* [Exercise goal]:
If a line below falls between the line with "уроки по рукопашному бою в картинках" and the line with "Glitter & studs", or is one of those two, output it exactly; output nothing else and no pictures.

··· Provided records ···

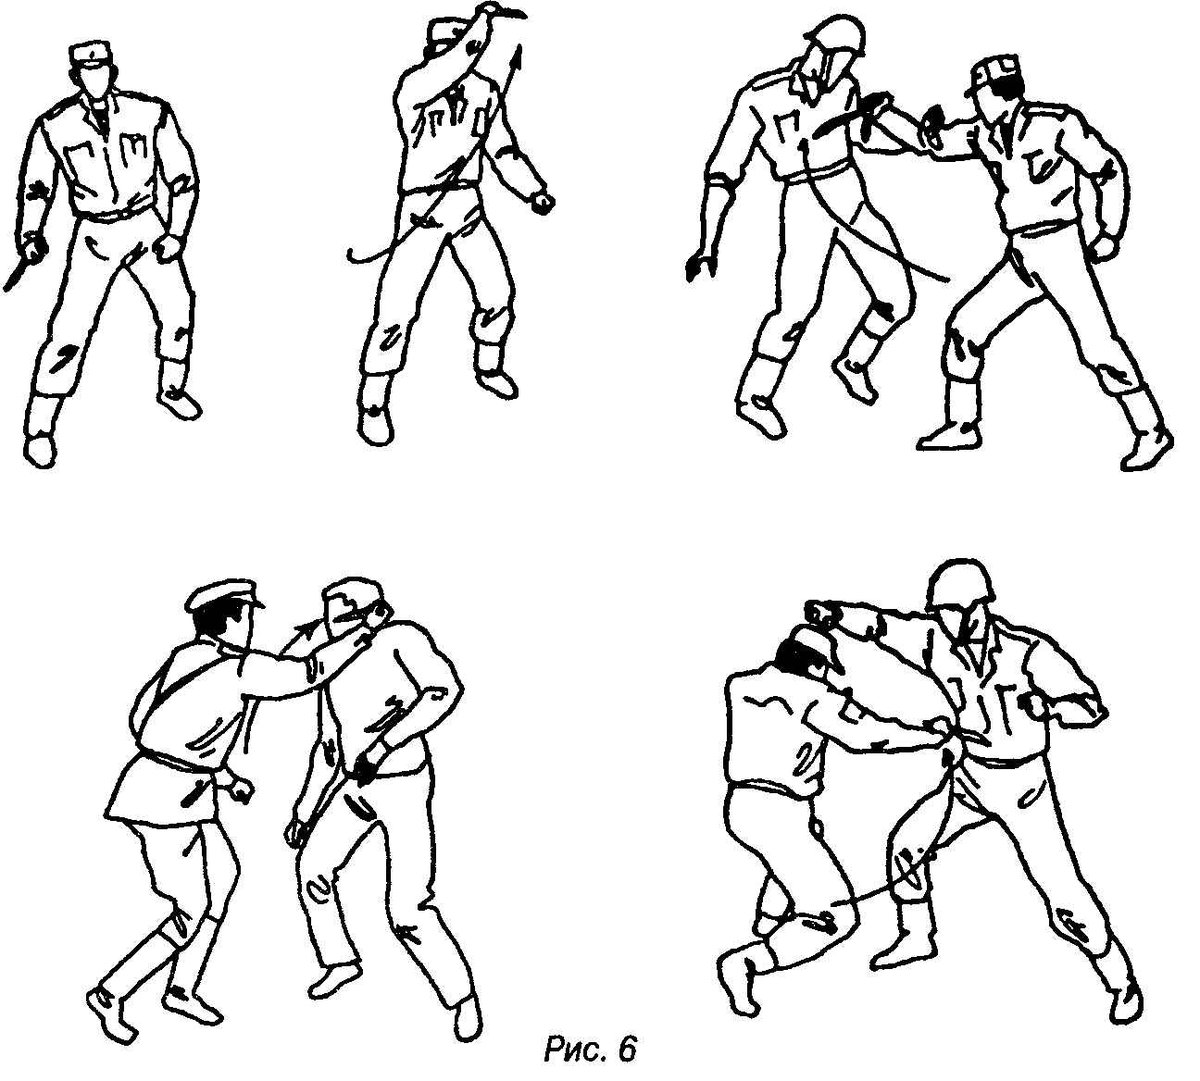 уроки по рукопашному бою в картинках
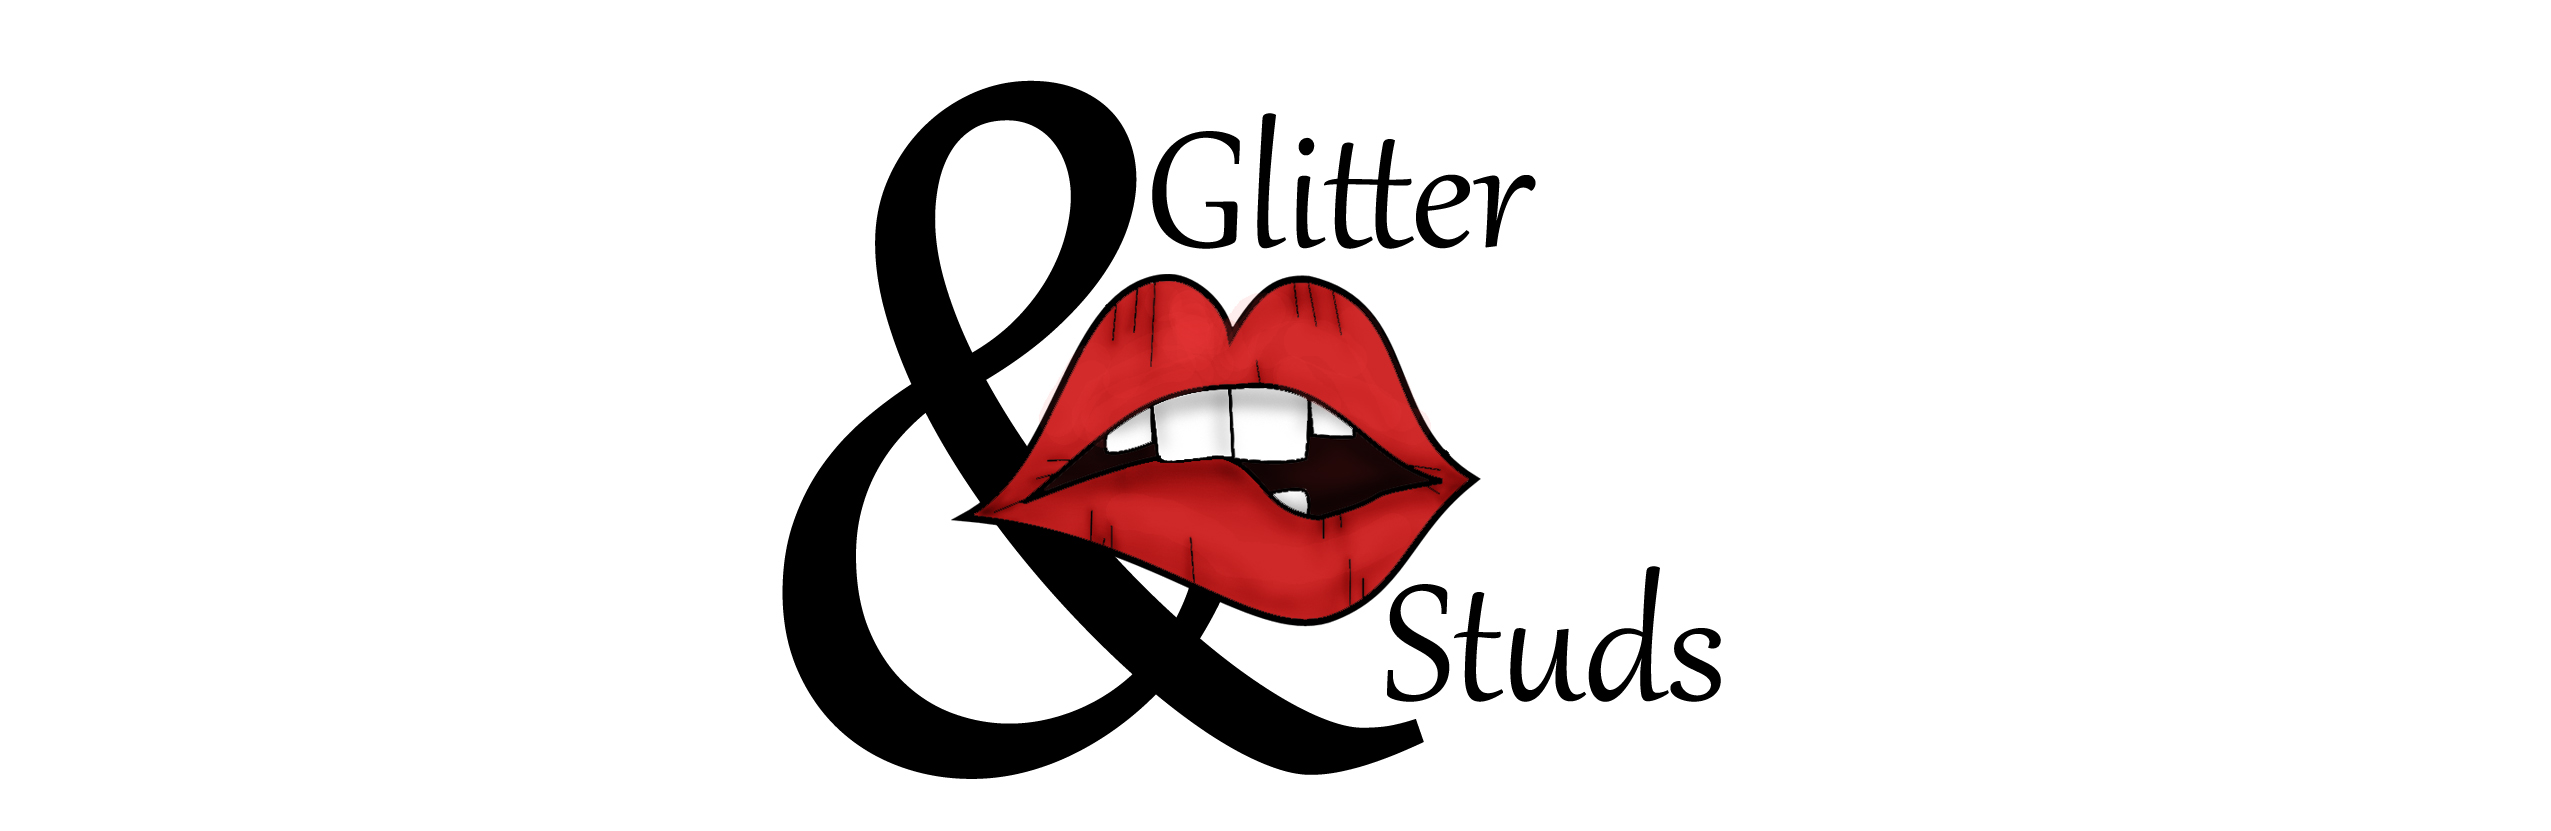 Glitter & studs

···
··· Provided records ···

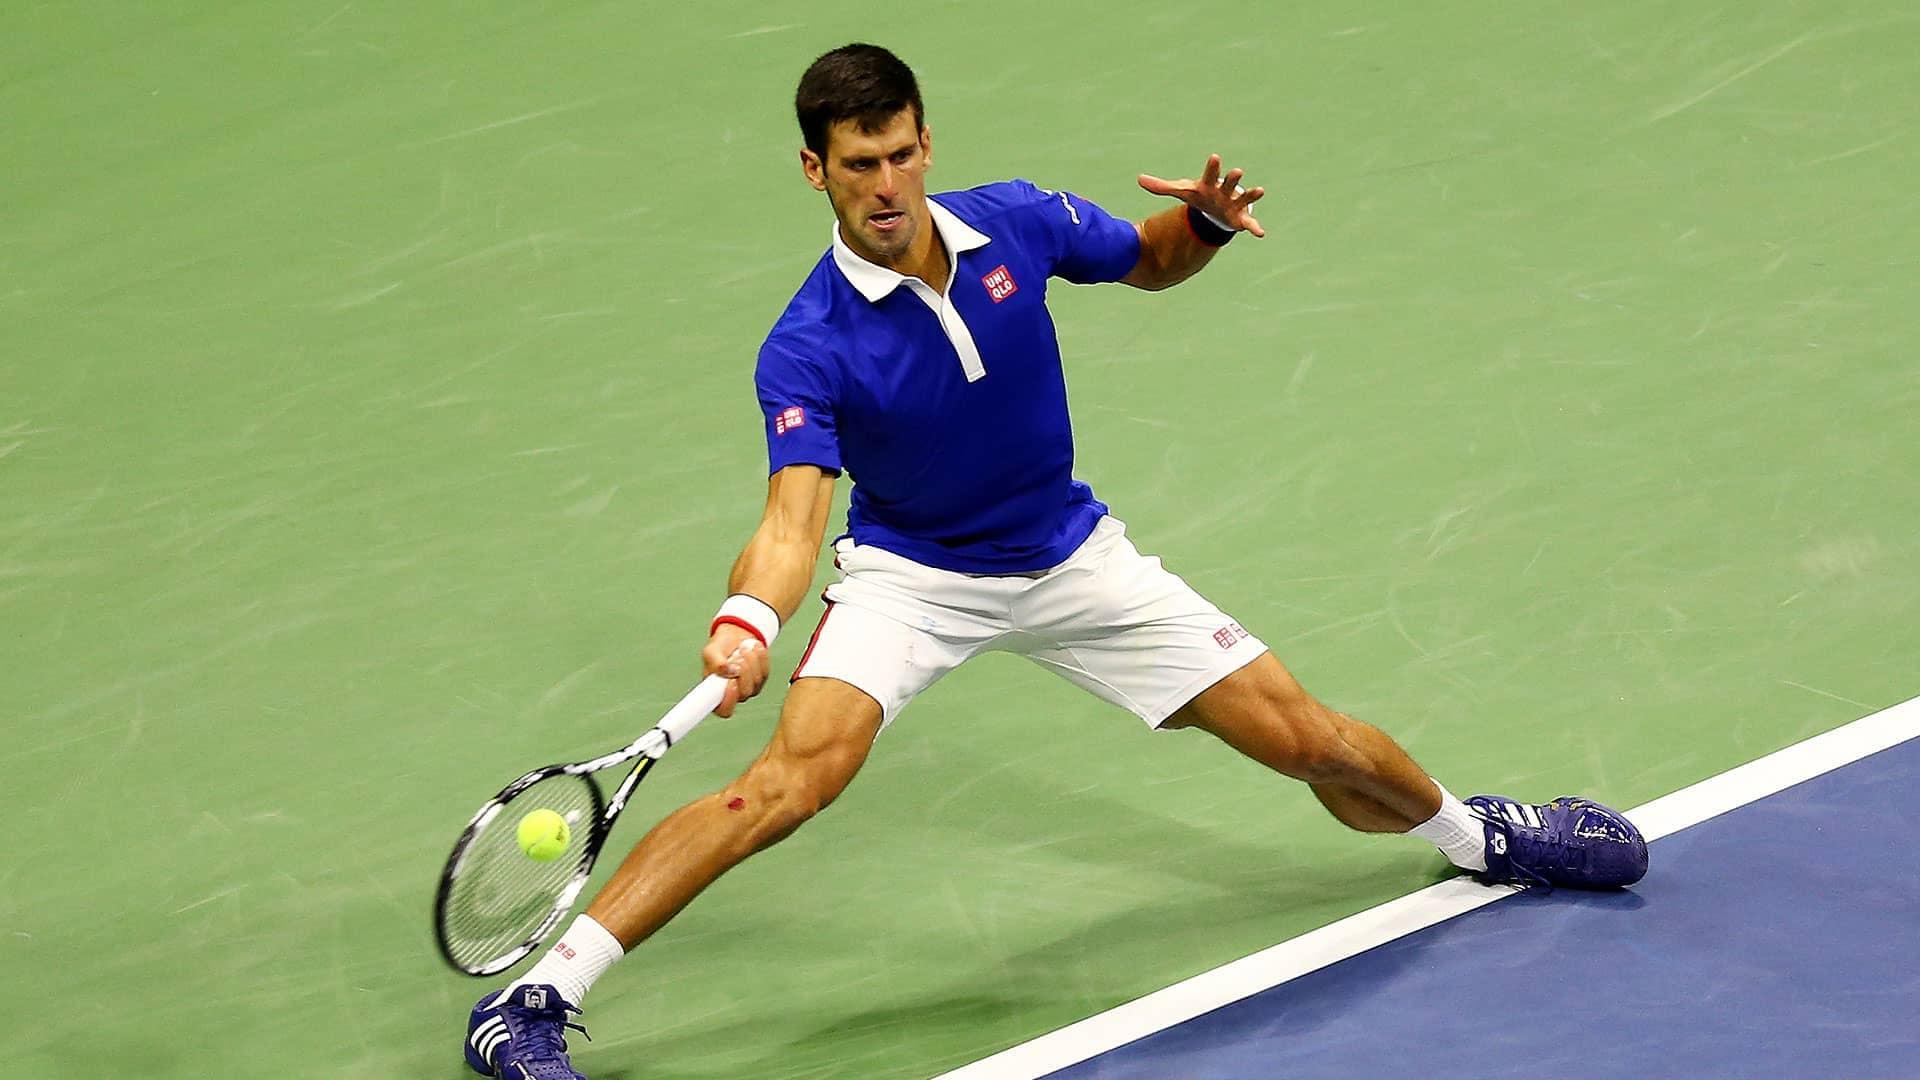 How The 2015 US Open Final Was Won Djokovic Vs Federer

···
··· Provided records ···

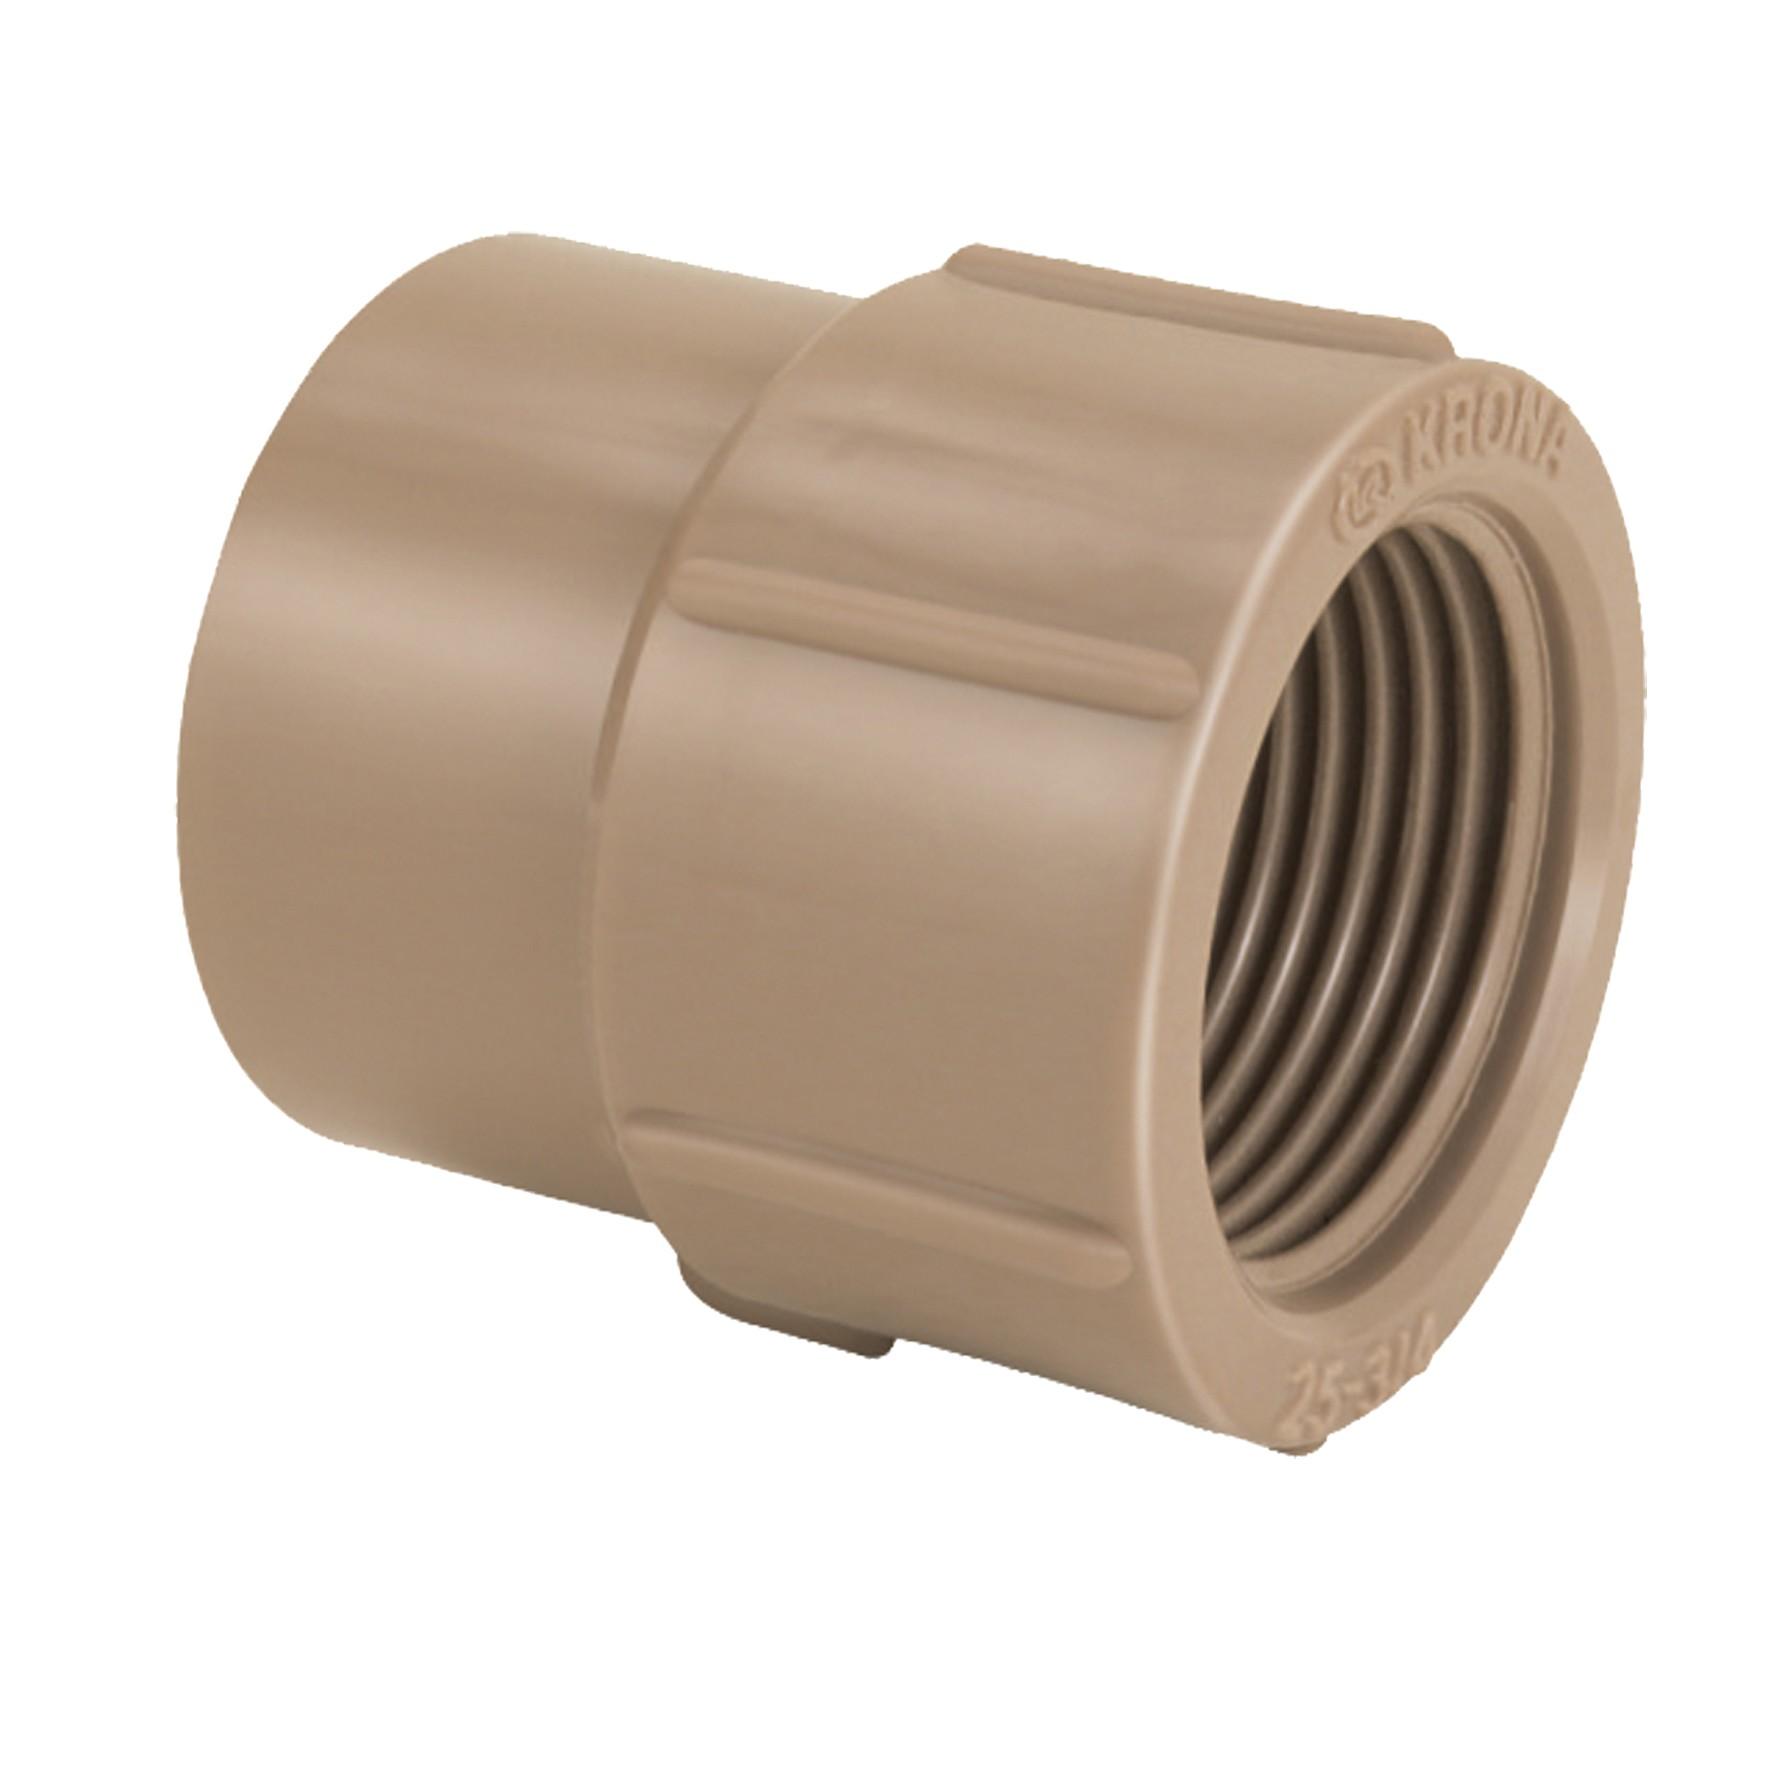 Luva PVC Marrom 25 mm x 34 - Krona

···

* [Response to the task]:
 уроки по рукопашному бою в картинках
 Glitter & studs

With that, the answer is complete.